Senior Director, Index Investment Strategy

2020 年末までの 20 年間において、米国の全ての大型株マネージャーの 94%が S&P 500®をアンダーパフォームしました。中型株及び小型株のマネージャーもほぼ同様の結果となりました。このように、アクティブ運用ファンドが低調なパフォーマンスにとどまっていることを受け、パッシブ投資が増加しています。このことは、近代金融史における最も大きなトレンドの 1 つであると言えます。

当社が最近実施した指数に連動している資産に関する年次調査によると、S&P 500 に連動する資産は急増しており、2020 年 12 月時点で 5 兆 4,000 億ドルに達しています。図表 1 にある通り、S&P 500 に連動する資産の増加額は市場の上昇による増加額を上回っており、これは資金流入が大幅に増加したことを示唆しています。

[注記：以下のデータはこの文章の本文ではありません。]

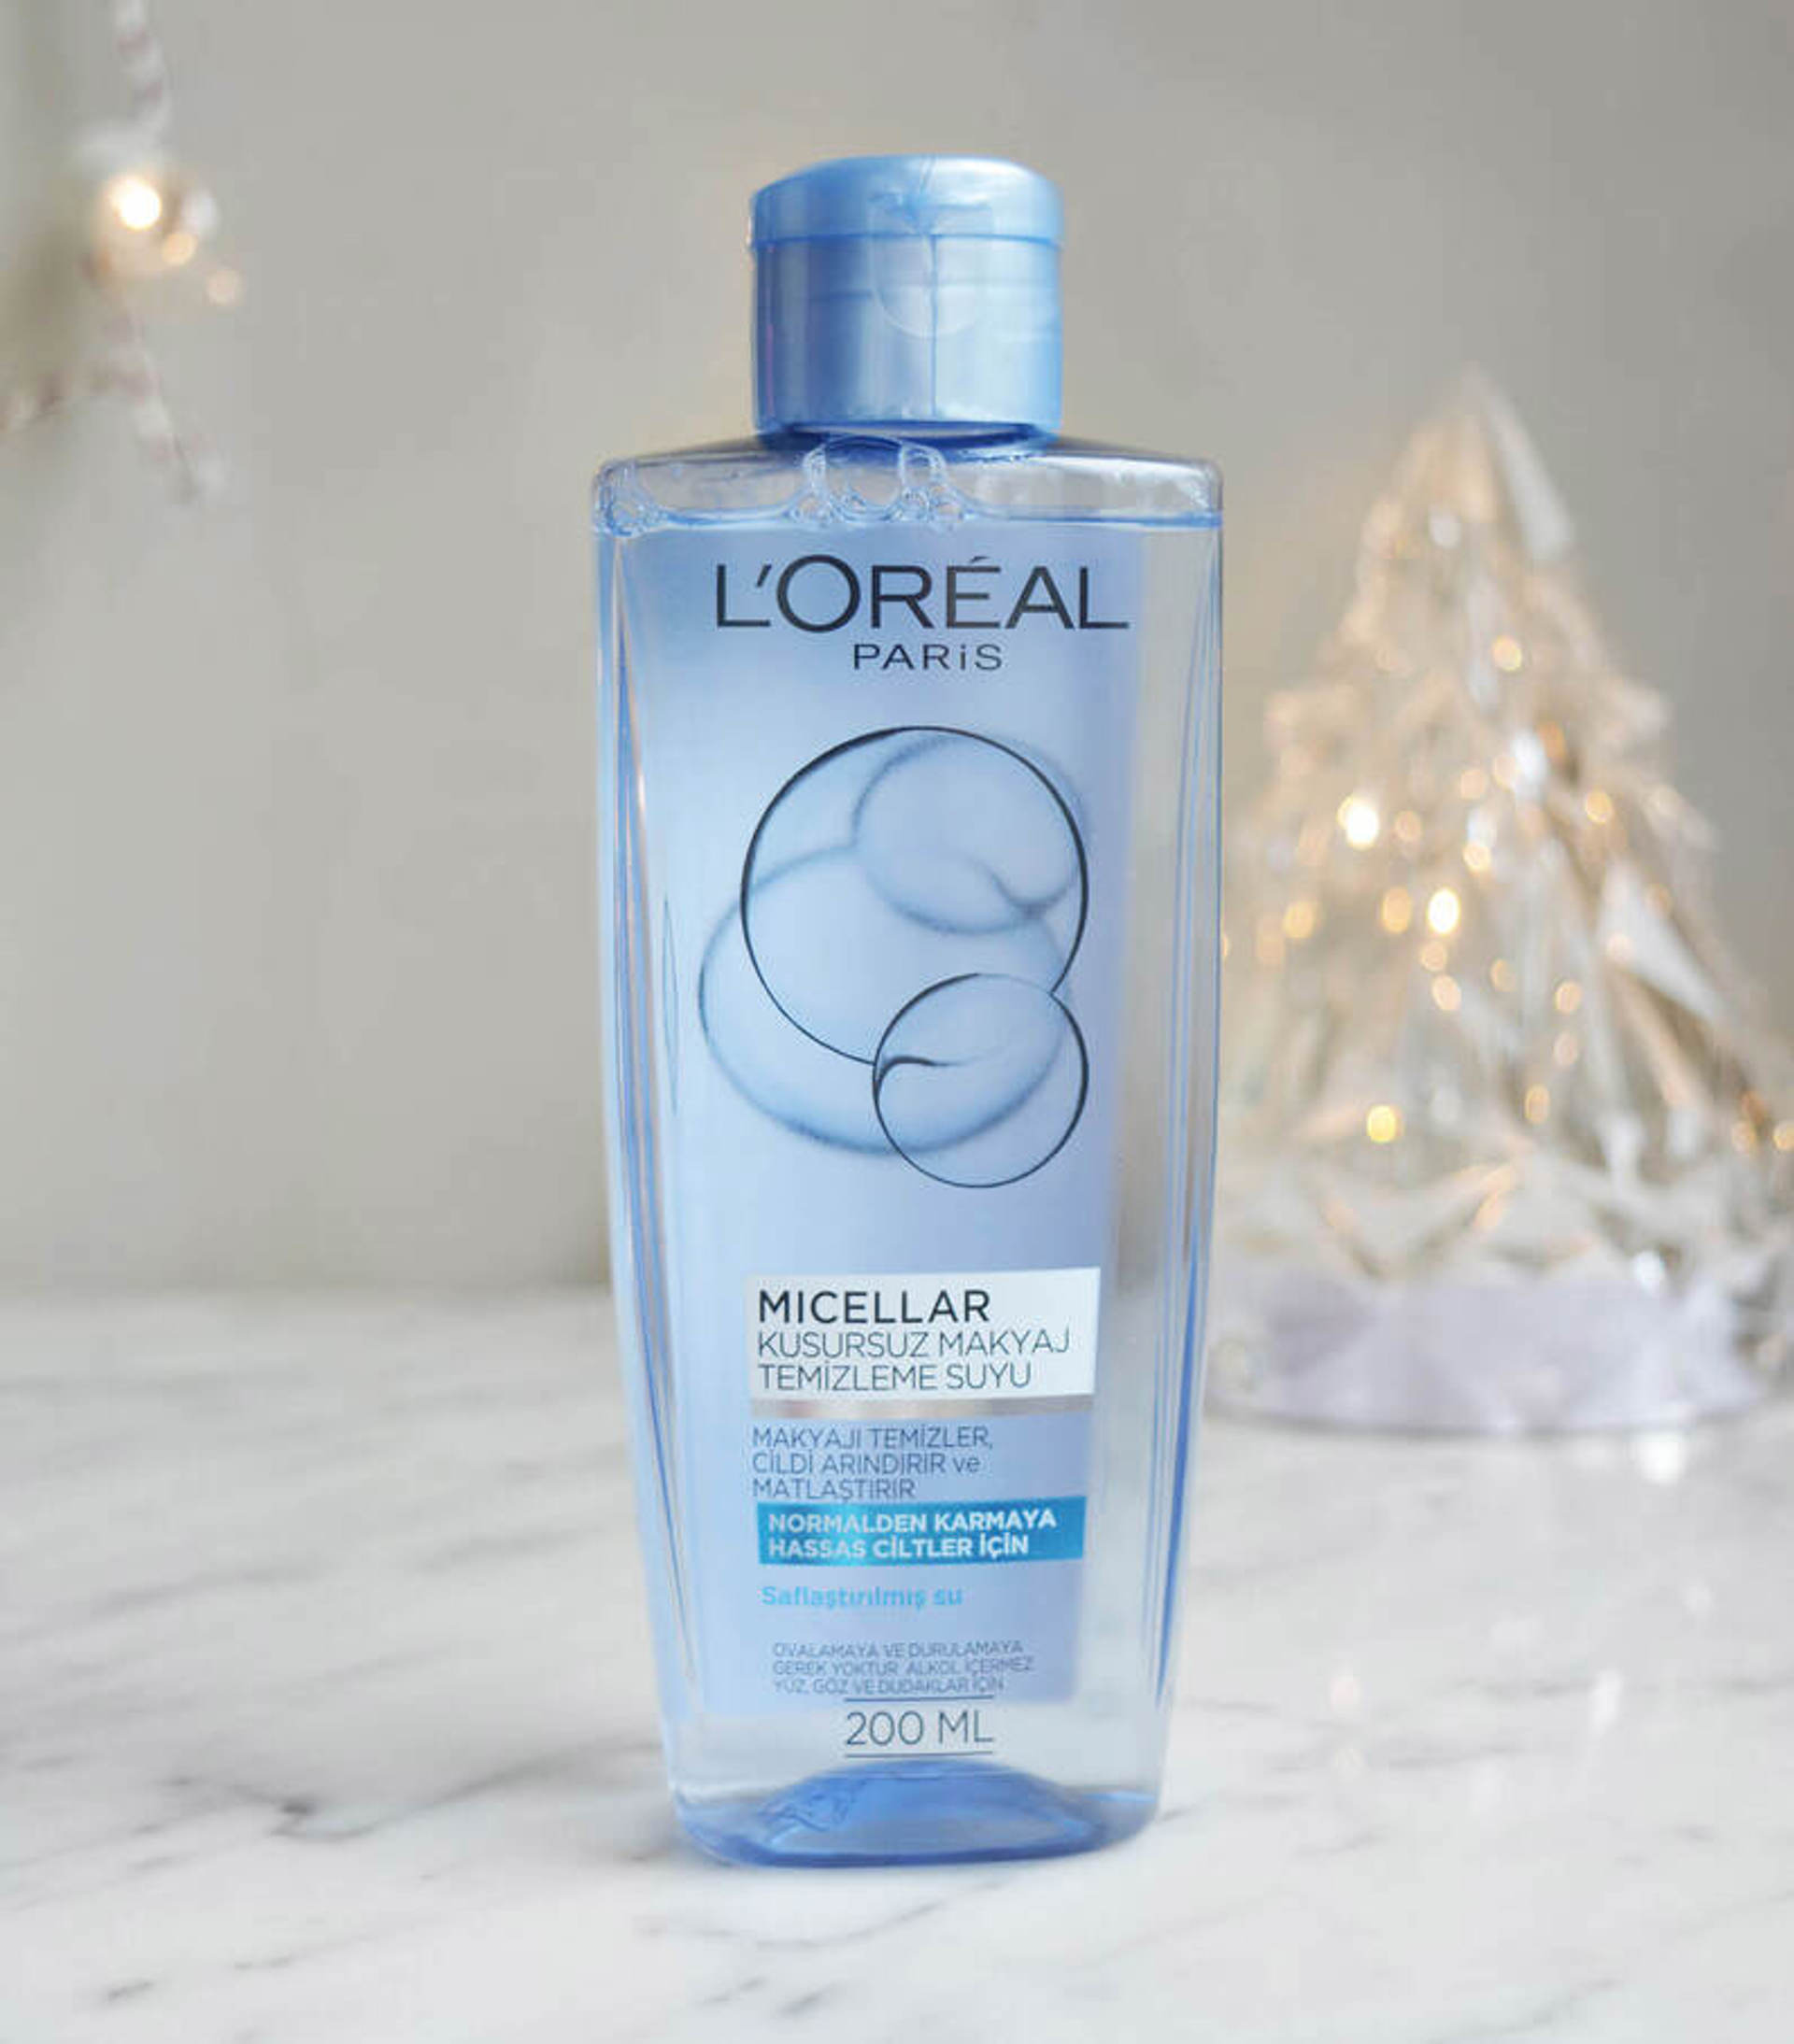 L’Oréal Paris Micellar Kusursuz Makyaj Temizleme Suyu Normalden Karmaya Hassas Ciltler

パッシブ市場の規模に関する見通しを提供するために、ここでは S&P 500 指数に連動する資産の浮動株調整後時価総額に占める割合を分析します。図表 2 は、この割合が 1996 年の 10%から 2020 年には 17%に劇的に拡大していることを示しています。インデックス運用が大幅に拡大しており、今後もさらに拡大する可能性が高いと見込まれます。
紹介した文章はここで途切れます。